[EM] Seized by an idea - my changed views

James Gilmour jgilmour at globalnet.co.uk
Mon Jul 29 03:17:08 PDT 2002

> -----Original Message-----
> From: Joe Weinstein [mailto:jweins123 at hotmail.com]
> James worries about infringing on rights or anyhow desires of some citizens
> not to be bothered with full participation in decision-making, even for a
> few days every few years.  I don't want to get into arguments over whether
> government has a 'right' to draft every citizen into a bare minimum of
> equal-burden-sharing service.

I think you are still looking at this world upside-down, which a little surprising, given the view you are promoting.  The
government has no rights.  It has (should have ?) only the rights and powers that we, the people, give it.

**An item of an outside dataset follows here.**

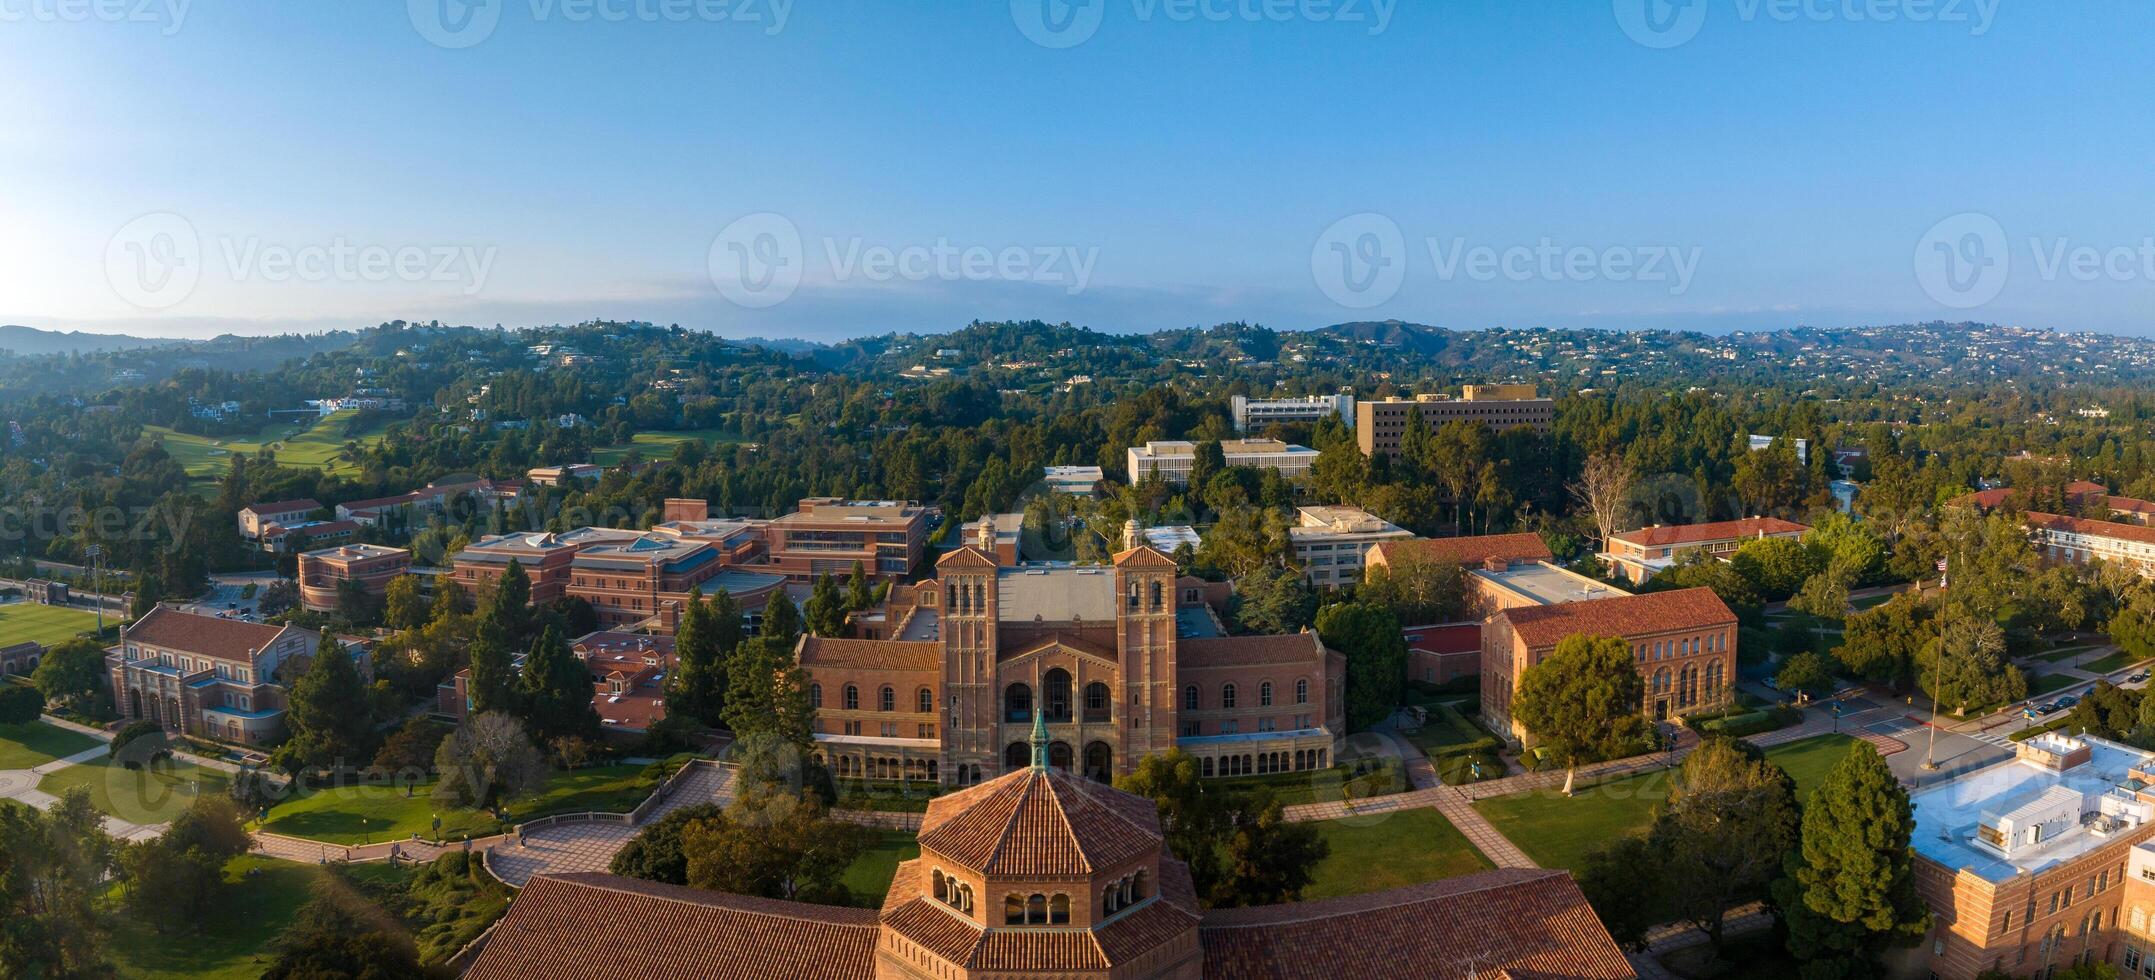 Aerial View of UCLA Campus in Westwood, Los Angeles with Red-Brick Buildings and Lush Greenery on Sunny Day photo

That is (was) true at least in the USA, where "the people" or some representatives came together and agreed and wrote a constitution
(that has been amended from time to time).  In the UK all power and rights resided in the monarch and our history is one of "the
people" continually fighting the monarch to wrest away more and more of those powers.  That's why the Pilgrim Fathers left England
and went to what is now the USA and made sure the "new" country operated in a very different way from the old.  Although the monarch
per se no longer holds those powers, our constitutional "monarch in parliament" in effect gives all those powers to the Prime
Minister of the day.  That's why Tony Blair can act in such a presidential way with very little real check on what he does.

But back to the main point.  I wasn't so much concerned with what "the government" has the right to demand of us, but rather what
we, as members of our communities, at all the various levels of community, from street to nation, might reasonably be allowed to
demand of one another.  I may think it would be "better" if everyone in the relevant community did indeed participate, and
participate very fully, but do I have the right to expect or demand that of the other members of my community?  Do they have the
right to opt out, with the proviso that they accept the consequences?